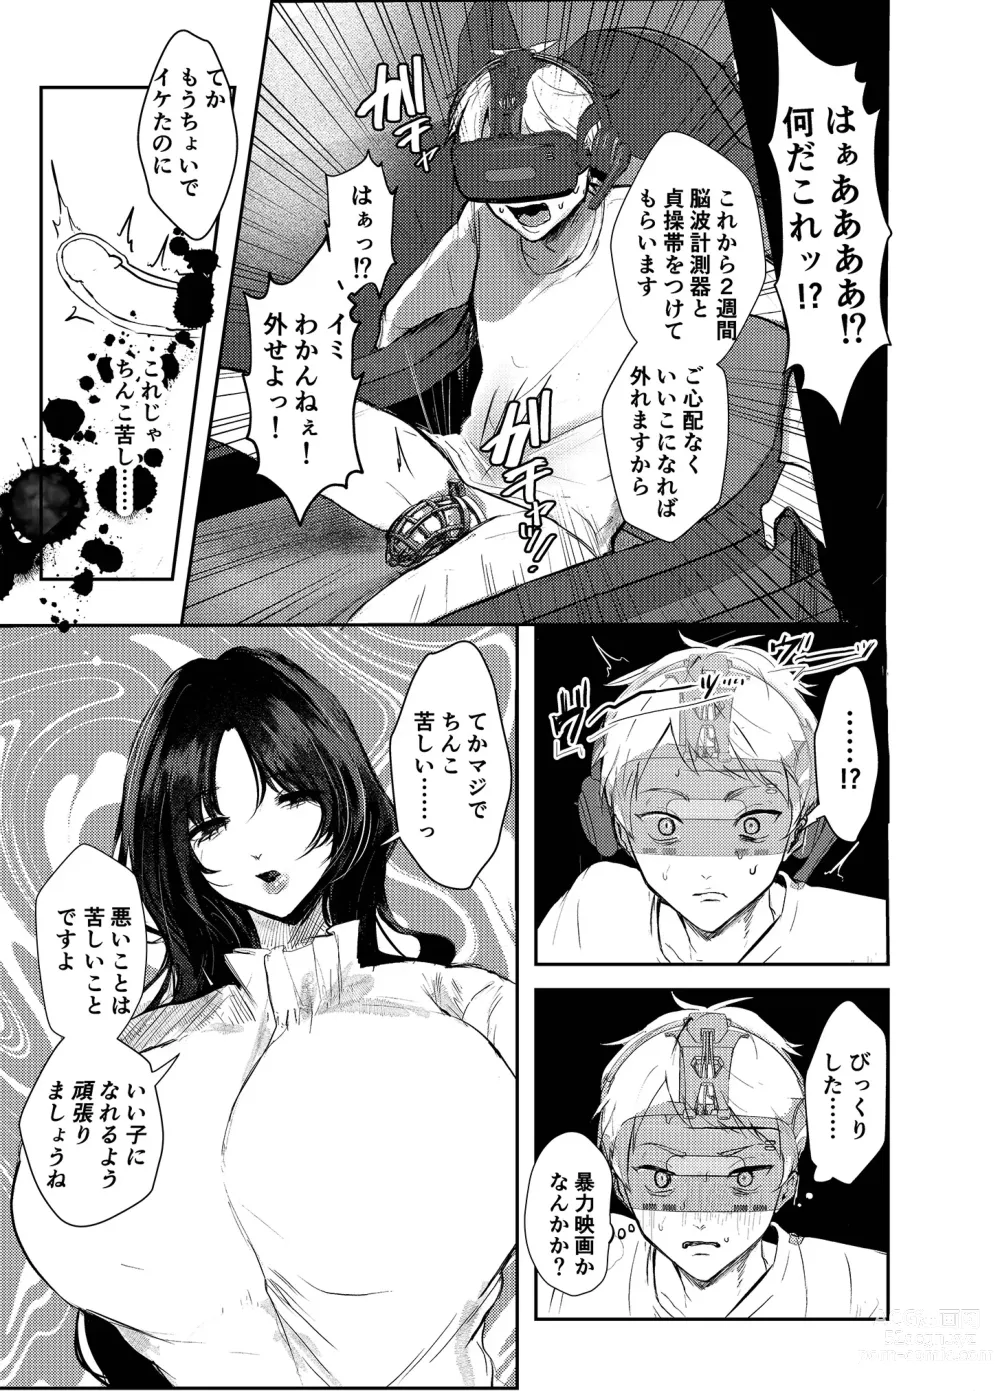 Page 11 of doujinshi Warui ko tettei kyouiku dekkai o neesan niiko ni kyousei sa reru hanashi
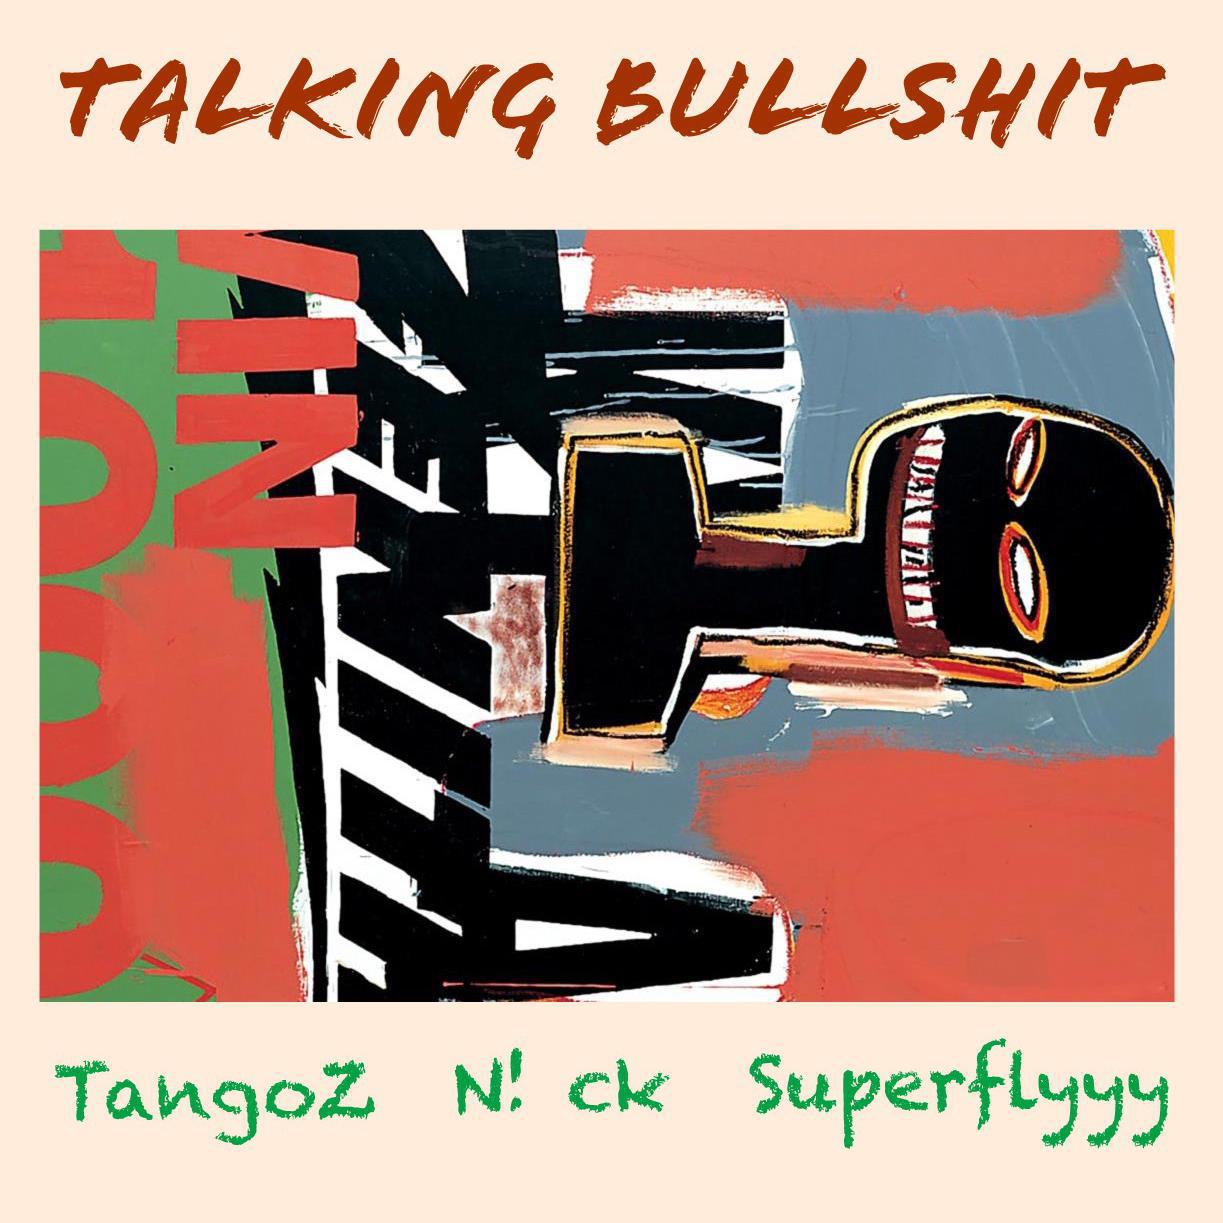 TangoZ - Talking bullshxt
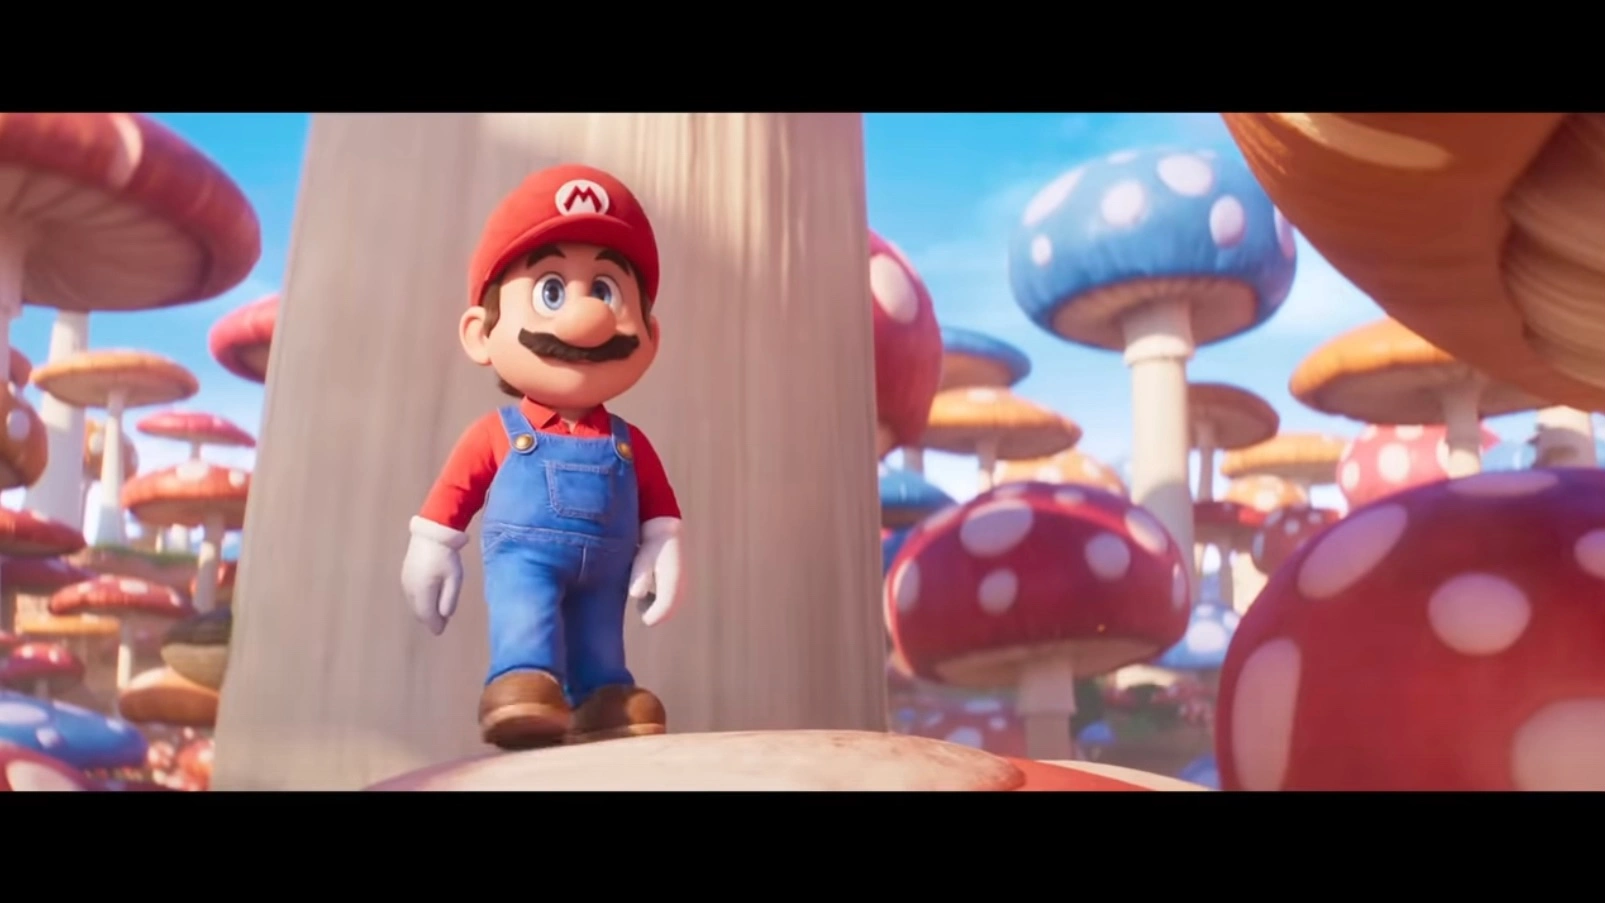 El segundo tráiler de la película de Super Mario Bros está protagonizado por la princesa Peach

----------------

**Work required:**
Print the listing exactly. No pictures belong in the copy.

**Result of this exercise:**
 Page 11 of doujinshi Warui ko tettei kyouiku dekkai o neesan niiko ni kyousei sa reru hanashi
 TangoZ - Talking bullshxt
 El segundo tráiler de la película de Super Mario Bros está protagonizado por la princesa Peach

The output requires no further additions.